[SUPPLIED INFORMATION Boundary: Start]

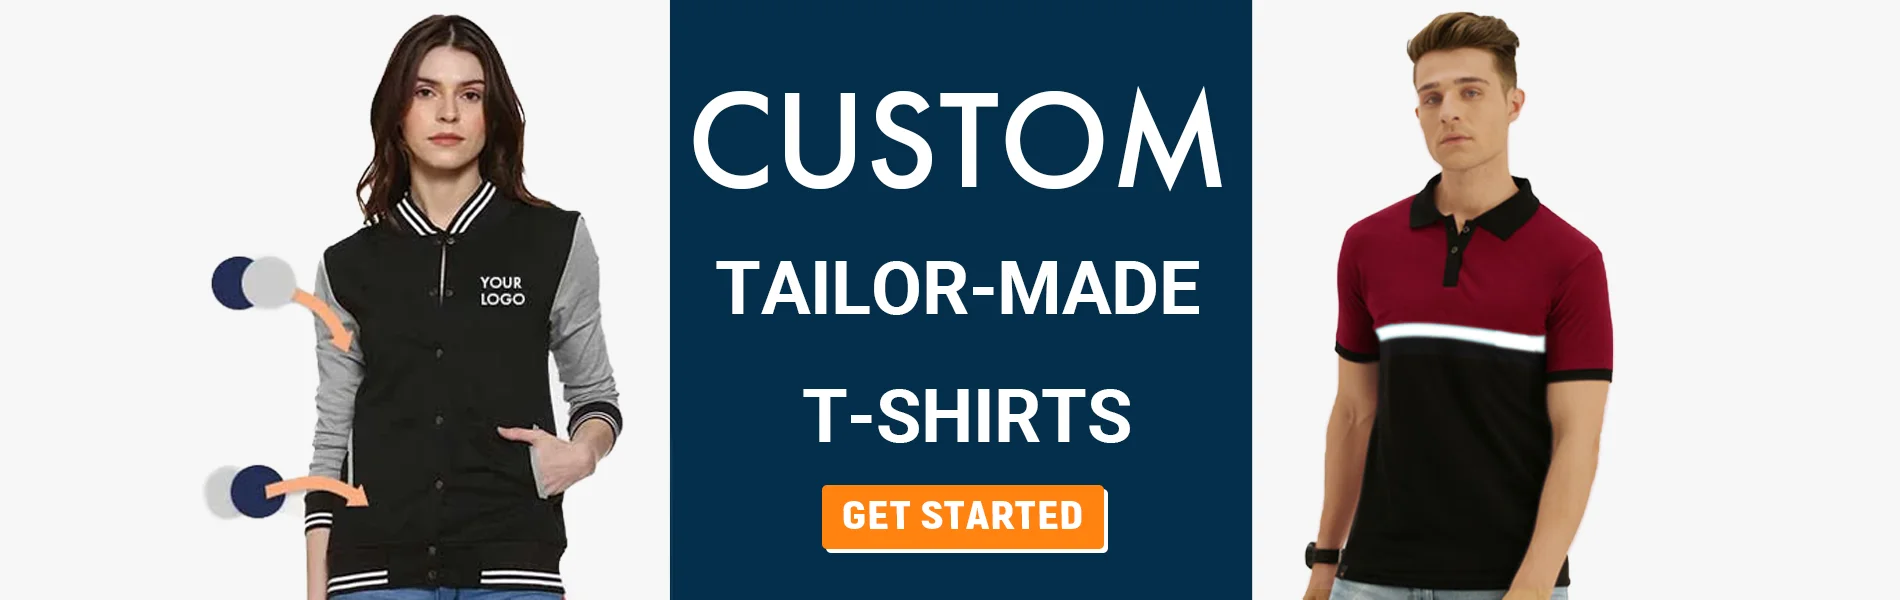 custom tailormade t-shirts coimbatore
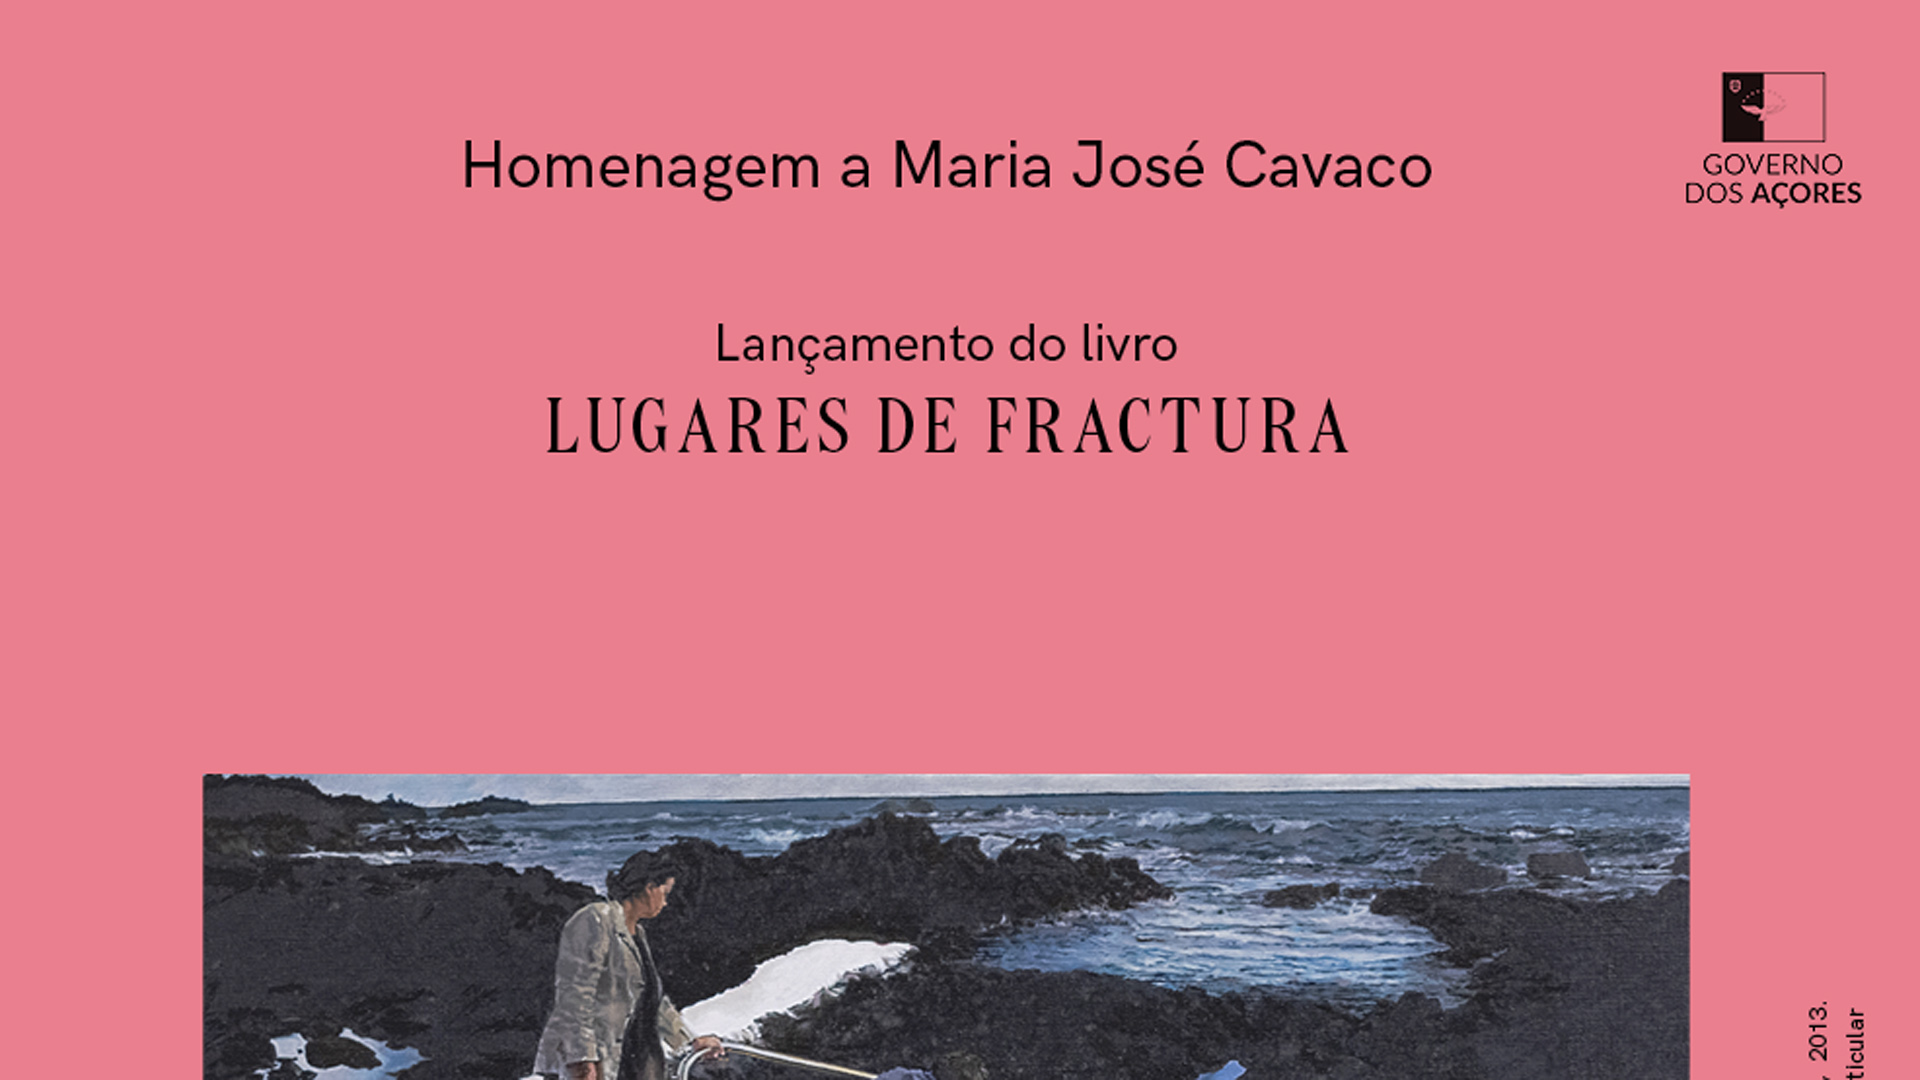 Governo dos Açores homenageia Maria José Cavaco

[SUPPLIED INFORMATION Boundary: End]
[SUPPLIED INFORMATION Boundary: Start]

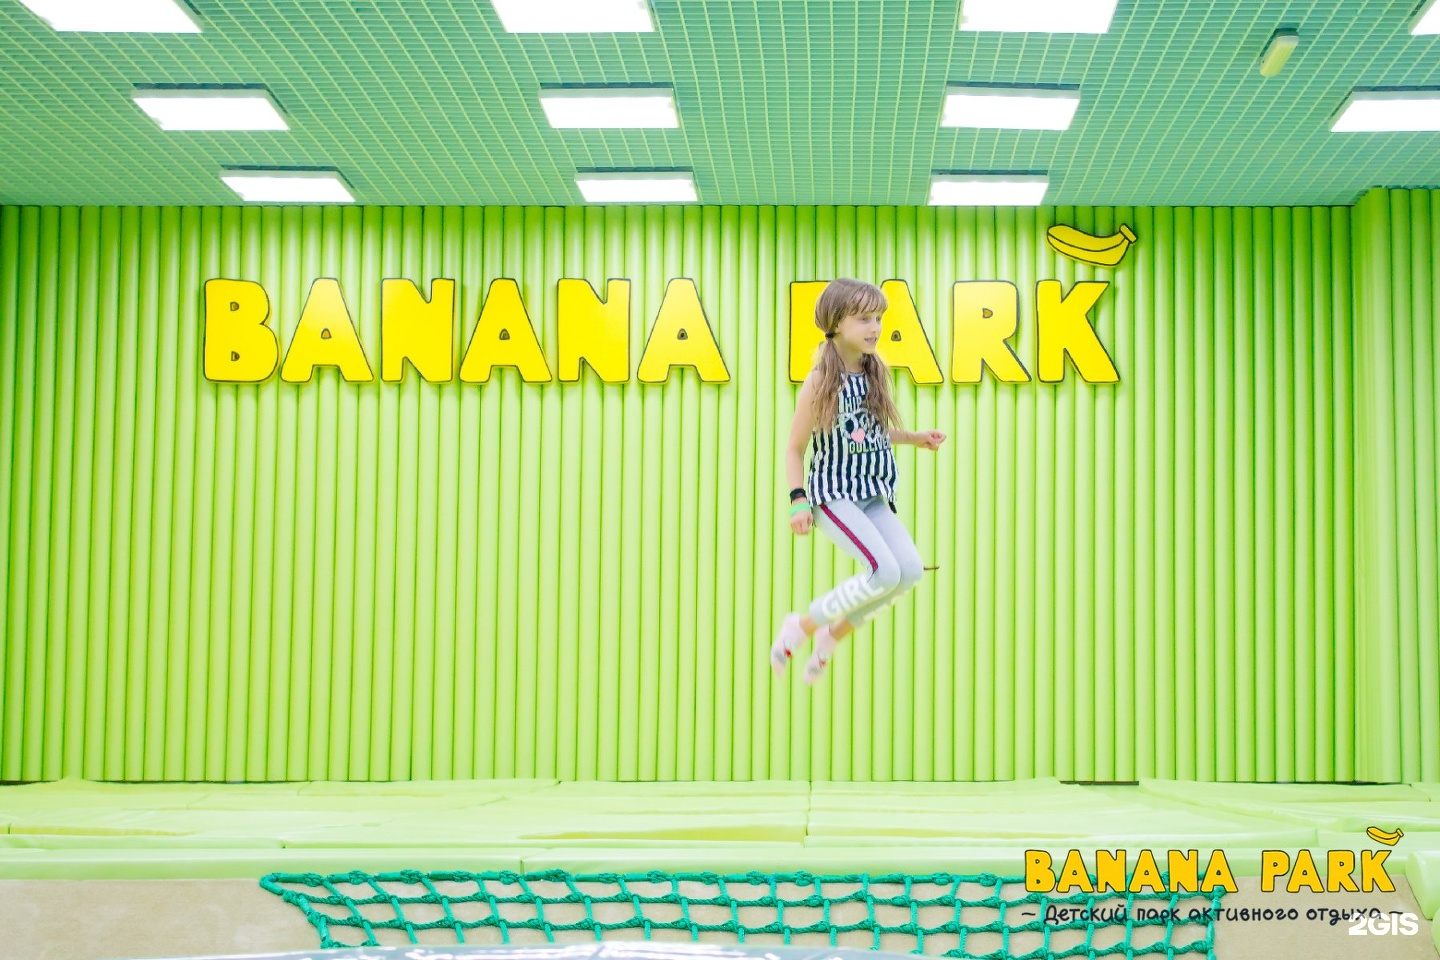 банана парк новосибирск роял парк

[SUPPLIED INFORMATION Boundary: End]

* **EXERCISE BRIEF**
Begin at the line in the entries above that has "custom tailormade t-shirts coimbatore", stop after the line that has "Governo dos Açores", and output exactly those lines without pictures.

* **OUTPUT BELOW**
 custom tailormade t-shirts coimbatore
 Governo dos Açores homenageia Maria José Cavaco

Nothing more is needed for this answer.